El Ayuntamiento acudirá a la banca para solicitar un nuevo préstamo por valor de 26 millones de euros para hacer frente a las inversiones previstas en el presupuesto municipal de 2010 aprobado el pasado marzo. Así lo aprobaron ayer los grupos municipales de IU y PSOE frente a la férrea oposición del PP, quien dudó de que la Junta vaya a autorizar esta nueva operación de ampliación de la deuda municipal, puesto que supone agravar la situación de las arcas municipales. Así lo indicó el edil popular Ricardo Rojas, quien señaló que «ya hasta dudamos de los cuadrantes de los remanentes y del dinero que dicen que hay en las arcas municipales».

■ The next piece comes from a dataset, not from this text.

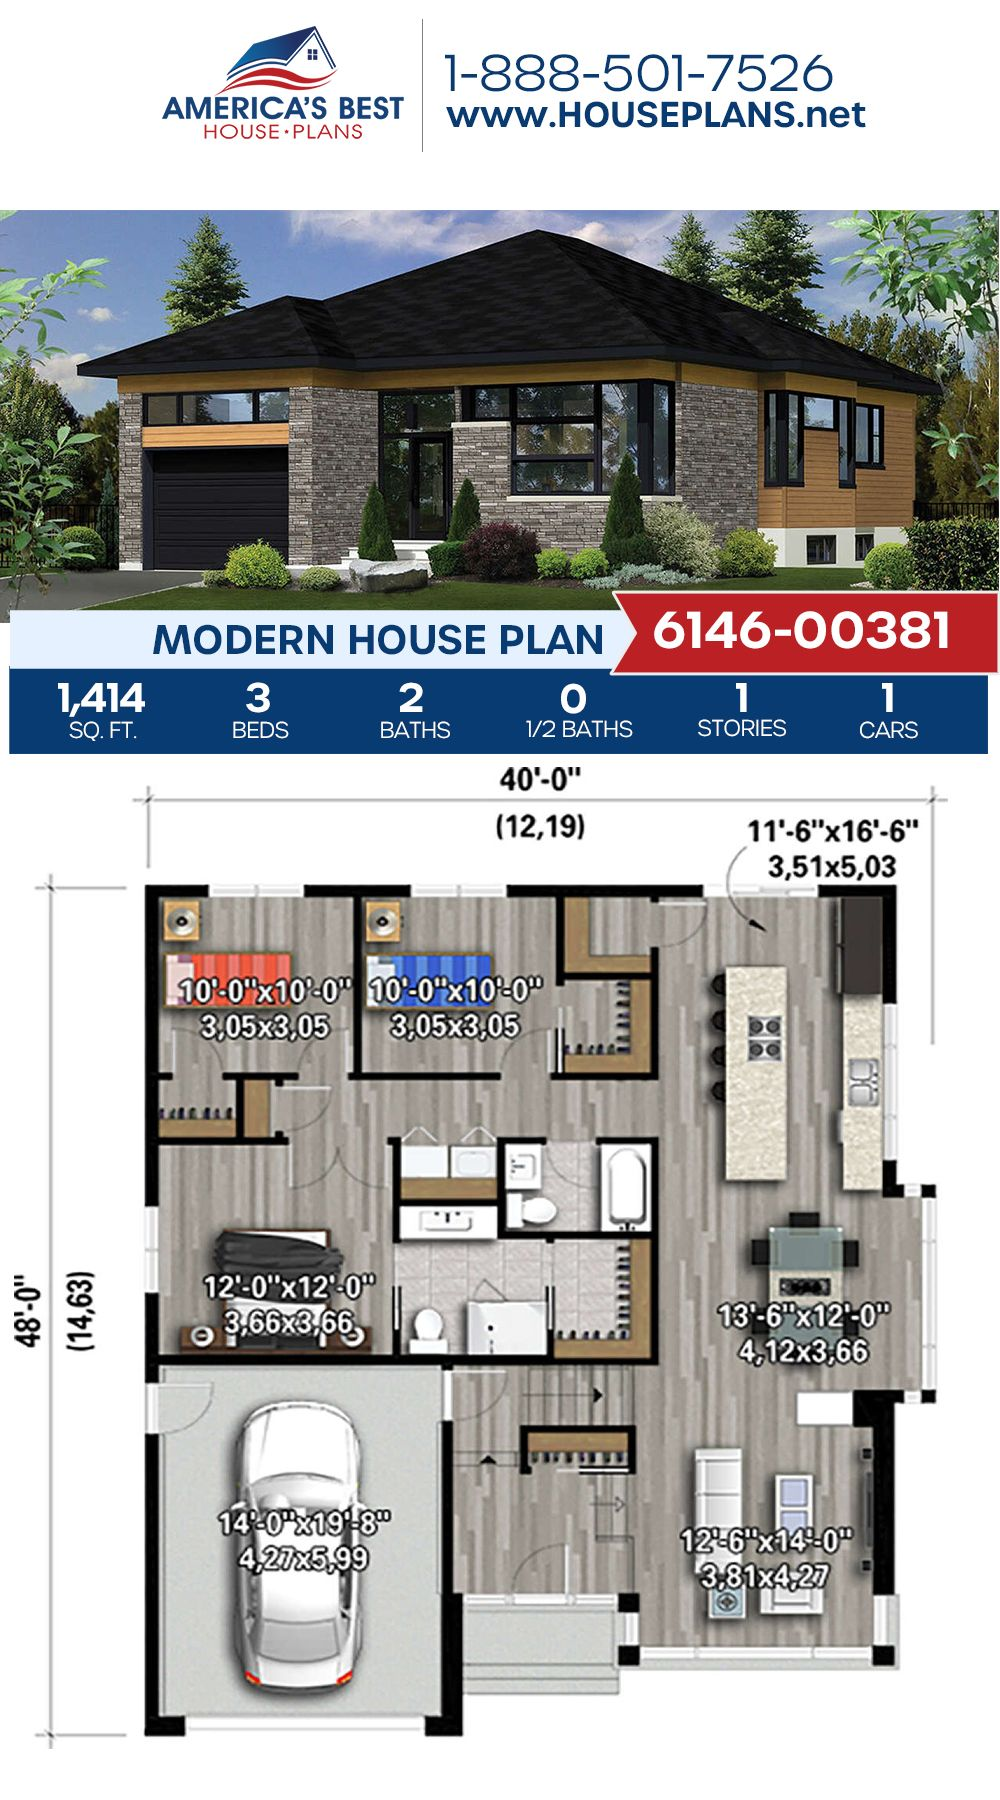 House Plan 6146 00381 Modern Plan 1 414 Square Feet 3 Bedrooms 2 Bathrooms In 2020 House Plans Modern House Plan Best House Plans
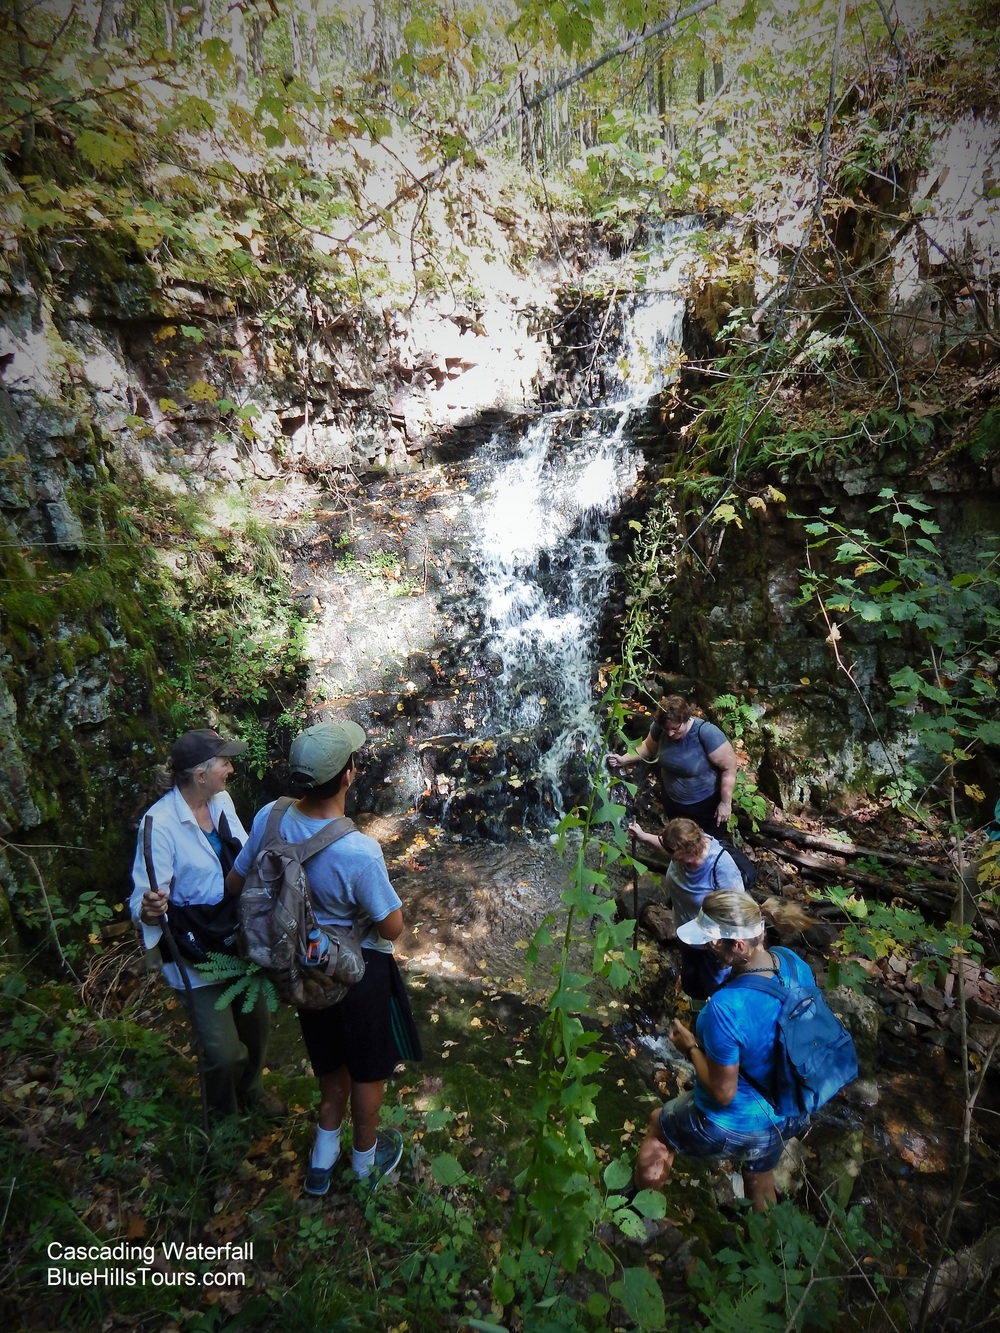 Cascading Waterfall Leaf It 2015.jpg

Para Rojas, esta nueva operación supone «trampear» las cuentas públicas. Indicó que ahora se solicita un dinero para las inversiones de este año, que no llegará a tiempo debido a que faltan algo más de dos meses para que que acabe 2010. Además, la operación debe contar con el visto bueno de la Junta y luego cerrar el acuerdo con los distintos bancos. Rojas indicó que el dinero solicitado irá al presupuesto de 2011 como remanente, «que es lo que hace siempre el equipo de gobierno, como no aprueba la asignatura pendiente, repite curso año tras año».
Por su parte, el delegado de Hacienda, Alfonso Igualada, indicó que, en contra de «los agoreros de la bancada de enfrente (en referencia a los ediles del PP), el sector financiero sigue confiando en el Ayuntamiento». Rojas le rebatió indicando que esta operación «no supone un ahorro, sino que alargar la vida de un préstamo es dejar de pagar hoy al banco para pagarle más mañana».
Además, el edil popular reprochó al equipo de gobierno que no hubiera abordado esta ampliación de la deuda en marzo, cuando se aprobó el presupuesto, y lo haga ahora, cuando va a acabar el año natural. De igual modo, criticó las 110 modificaciones que ha sufrido el presupuesto municipal desde que se aprobó. «Que malos sois haciendo presupuestos, ni una ama de casa hace tantas modificaciones para ajustarse al dinero que tiene», añadió.
El concejal de Hacienda, Francisco Tejada, acusó al PP de practicar el «filibusterismo político», que es una obstrucción a las iniciativas municipales, ya que «van a los barrios donde hace falta invertir para criticarnos y luego votan en contra de esas inversiones en el Pleno».